Потом у меня были еще дежурства, и Гурген Хачатурович еще ко мне заходил. Мы разговаривали, и я узнавал про него все больше И чем больше узнавал, тем больше он мне нравился.
Нравилась, например, его деликатность.
— Может, тебе работать нада, Волёдя? Я пойду, старуха обед должна принести.

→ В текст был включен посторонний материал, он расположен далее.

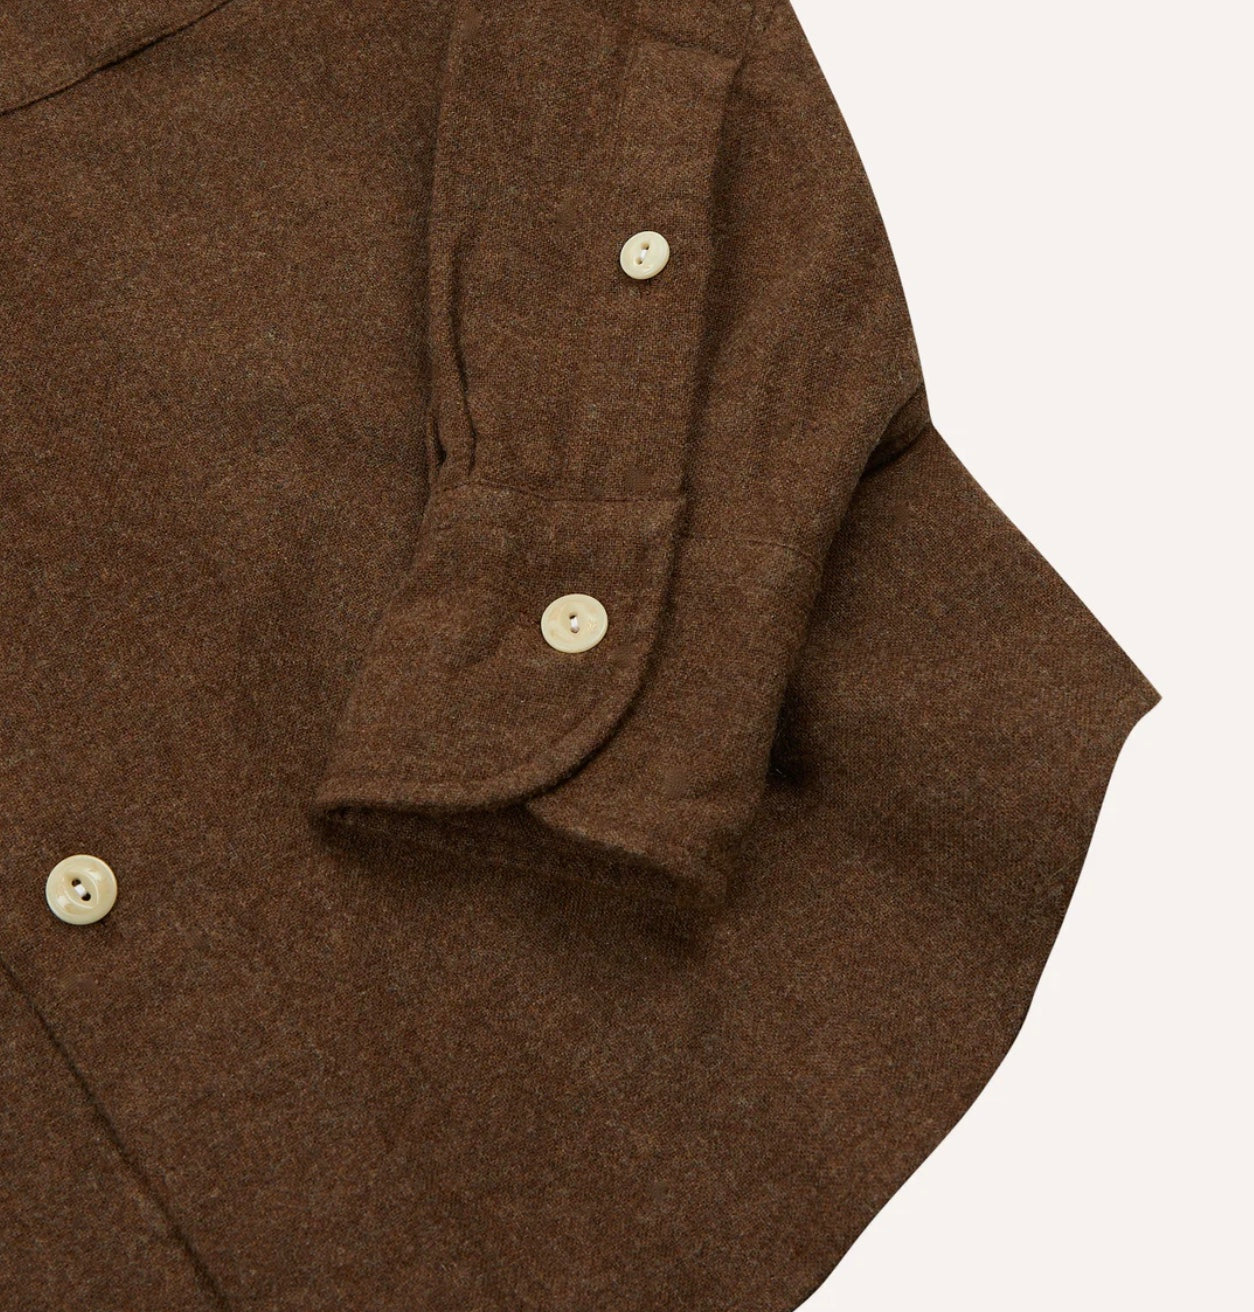 Drake's Brown Wool Two-Pocket Work Shirt – doherty evans & stott

Я узнал про него, что в 44 году его призвали в армию. Что воевал он в пехоте, стрелком, и что ранен не был ни разу. И что после войны он служил дальше, потому что замены им, молодым ребятам, пришедшим на войну в два последние ее года, замены им не было. Не подросла она. Они сами этой заменою и были, только вышли на нее за два года до срока. И теперь были и теми, кто заменял, и теми — кого. И он служил дальше, учился в школе сержантов и был старшиной в той армии, которой командовал генерал Чуйков. Он рассказывает мне про Чуйкова, как хоронили того на Мамаевом кургане, хотя он и из Московской области; но что «он так пожелал». Рассказывает про Жукова, случаи из фронтовой и послефронтовой их жизни, и черные его глаза сияют и живут, и мне завидно.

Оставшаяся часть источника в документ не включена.